National Bank posts strong Q1 as CWB deal powers earnings

Pan‑Canadian lender tops forecasts and steps up share buybacks

National Bank posts strong Q1 as CWB deal powers earnings

National Bank of Canada started 2026 with higher profit and a faster share buyback program, signaling management’s confidence as it continued to absorb last year’s Canadian Western Bank (CWB) acquisition.

The Montreal‑based lender reported net income of $1.25 billion for the quarter ended January 31, up 26% from a year earlier, with adjusted earnings per share of $3.25 versus $2.93 in 2025 and ahead of consensus estimates.

Earnings lift across business lines

Quarterly revenue rose to $3.89 billion from $3.18 billion, while provisions for credit losses edged down to $244 million from $254 million a year earlier.

Personal and commercial banking net income climbed 47% to $427 million, reflecting what the bank described as double‑digit revenue growth from CWB.

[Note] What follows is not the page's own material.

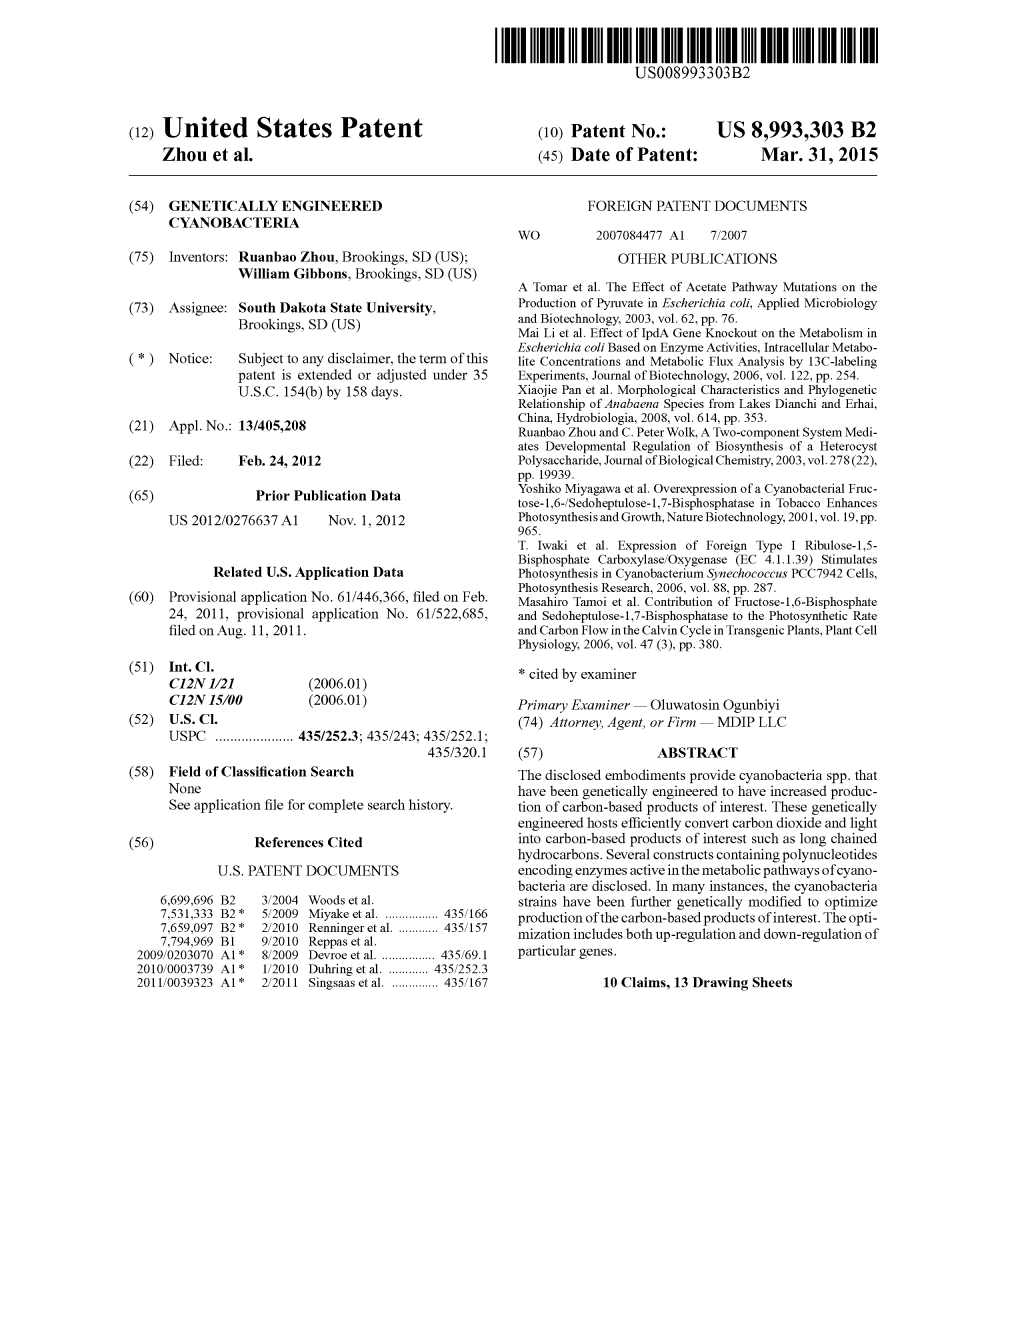 Patent (1O) Patent No.: �US 8,993,303 B2 Zhou Et Al
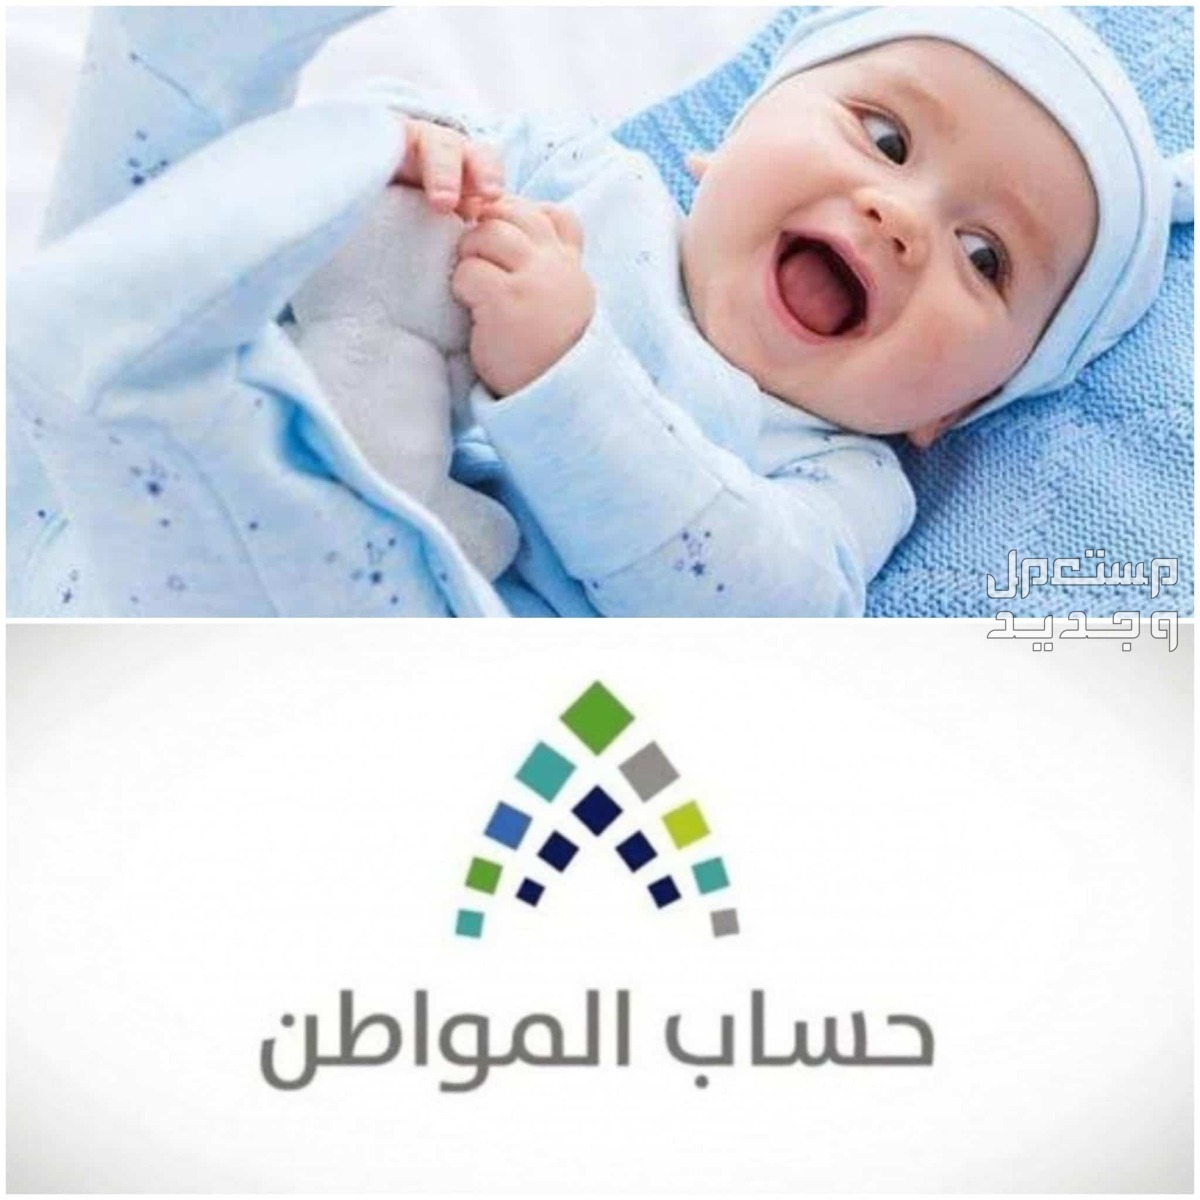 طريقة تسجيل المولود الجديد في حساب المواطن 1445 في ليبيا تسجيل المولود الجديد في حساب المواطن

Capital markets posted net income of $443 million, up 6% year over year, and U.S. specialty finance and international earnings inched up to $185 million from $183 million.

“The first quarter marks a strong start to the year for the Bank, driven by our diversified and complementary franchises, as well as our prudent approach to capital and credit,” said Laurent Ferreira, president and chief executive officer.

“We are executing on our financial objectives with discipline, driving organic growth and operational efficiency as we reinforce our pan‑Canadian reach, and creating long‑term value for our shareholders.”

Buyback push highlights capital posture

Alongside results, National Bank moved to increase its normal course issuer bid, seeking approval to repurchase up to 14.5 million common shares, or 3.70% of shares outstanding, up from a prior cap of 8 million shares (2.04%).

“The normal course issuer bid provides the Bank with additional flexibility in managing its capital,” the bank said, noting that all repurchased shares would be cancelled.

The Common Equity Tier 1 ratio stood at 13.7%, little changed from 13.8% at the end of October, leaving room for buybacks while maintaining a conservative buffer.

Corporate finance academics have long viewed such programs as a signal of management’s view that the stock is undervalued and as a tool to fine‑tune capital structure rather than a substitute for growth investment.

CWB integration reshapes growth profile

CWB’s results were fully consolidated for the quarter after the acquisition closed in February 2025, with National Bank highlighting the deal’s contribution across its Western Canadian footprint.

Ferreira earlier said that the C$5 billion purchase would “accelerate National Bank’s strategic plan and pan‑Canadian growth,” while CWB chief executive Chris Fowler said he was “confident that this combination will create incredible value for our clients, teams, communities and our shareholders.”

Meanwhile, BMO and Scotiabank also posted their Q1 2026 financials. The Royal Bank of Canada, Toronto‑Dominion Bank and CIBC are expected to report tomorrow, February 26.